Érosion côtière en Tunisie – 2,3 milliards USD de pertes attendues d’ici 2050

L’érosion côtière en Tunisie : un coût économique à ne pas sous-estimer

Un risque réel et économique

La Tunisie possède 1 300 km de côtes, et près de 70 % de son activité économique se concentre sur le littoral. L’érosion côtière n’est pas un problème environnemental abstrait : c’est un enjeu économique tangible.

Selon les projections de la Banque mondiale :

  • 1,37 milliard USD de pertes d’ici 2030

  • Plus de 2,3 milliards USD entre 2030 et 2050

Ces chiffres ne représentent pas des pertes actuelles, mais des scénarios basés sur le climat et l’exposition des infrastructures, du tourisme et des zones urbaines côtières.

Pourquoi ces chiffres sont plausibles

Plusieurs analyses confirment ces projections :

  • Dégradation des infrastructures publiques et privées

  • Perte de terres et dégradation du littoral

  • Impact économique sur le tourisme et le commerce côtier

  • Zones urbaines et portuaires à risque

D’autres estimations montrent que l’inaction pourrait réduire le PIB réel de 3,4 % d’ici 2030 (~1,8 milliard USD) et jusqu’à 6,4 % du PIB d’ici 2050 (~3,4 milliards USD).

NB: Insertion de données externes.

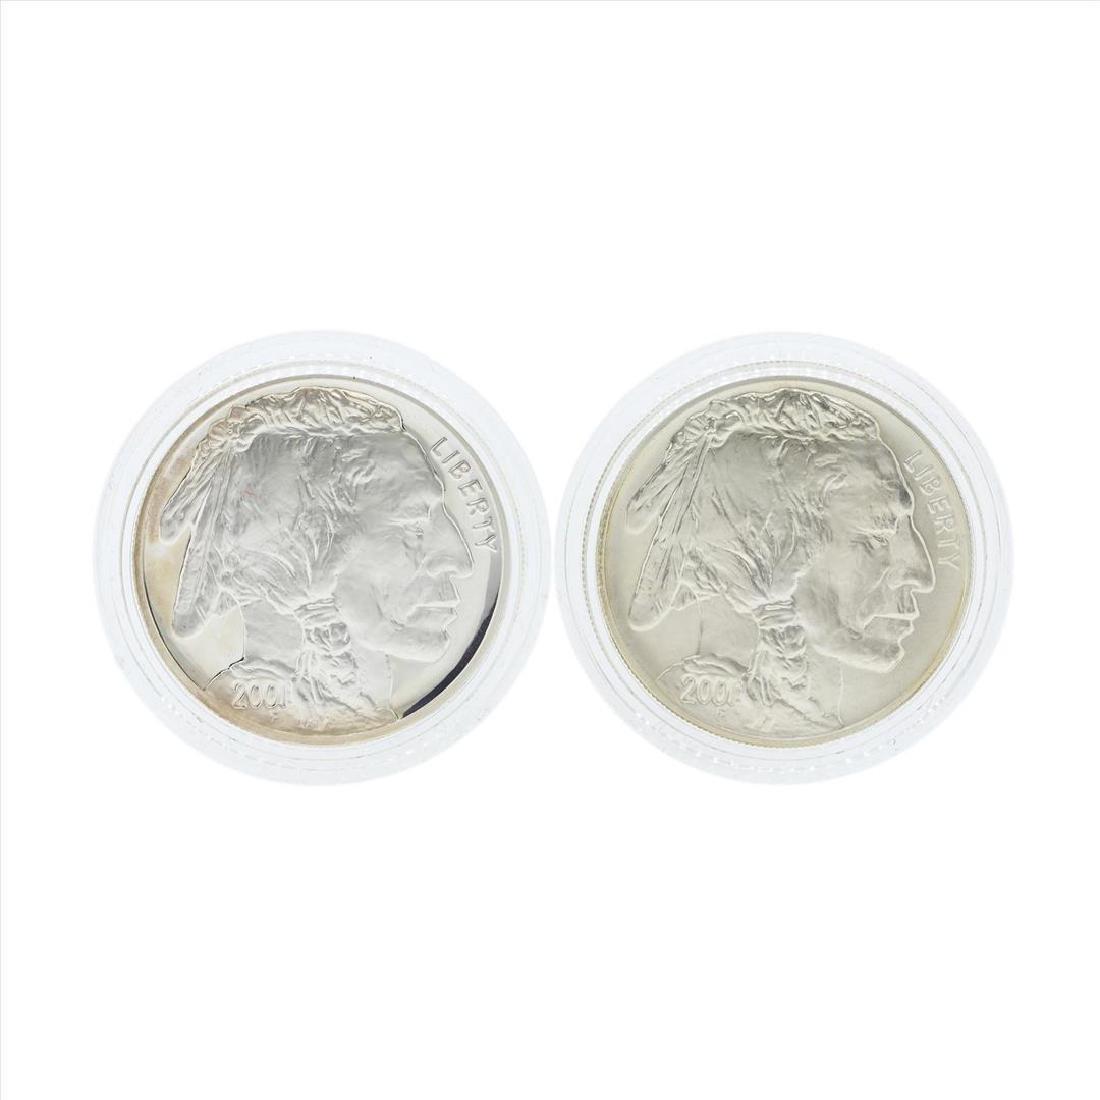 Set of (2) 2001 $1 American Buffalo Commemorative

Tendances et projections récentes

Les études locales et internationales (2023–2025) indiquent :

  • Un quart de la zone côtière tunisienne pourrait être affecté d’ici 2050

  • 1,6 milliard USD de terres potentiellement perdues

  • Les catastrophes naturelles actuelles (sécheresse, inondations) coûtent déjà jusqu’à 1,9 % du PIB

L’ensemble de ces chiffres intègre toutes les menaces climatiques : pénurie d’eau, inondations et érosion.

Implications pour décideurs et investisseurs

  • Le littoral concentre tourisme, ports et immobilier : exposition élevée au risque

  • Investir maintenant pour protéger les infrastructures est moins coûteux que subir les pertes futures

  • Les projections sont réalistes et permettent de planifier efficacement les stratégies économiques et urbaines

Agir avant qu’il ne soit trop tard

L’érosion côtière est un problème économique majeur, pas seulement environnemental. Les projections sont claires : l’inaction coûtera cher.

Action recommandée : intégrer ces chiffres dans l’urbanisme, le développement touristique et la protection des infrastructures pour limiter les pertes économiques.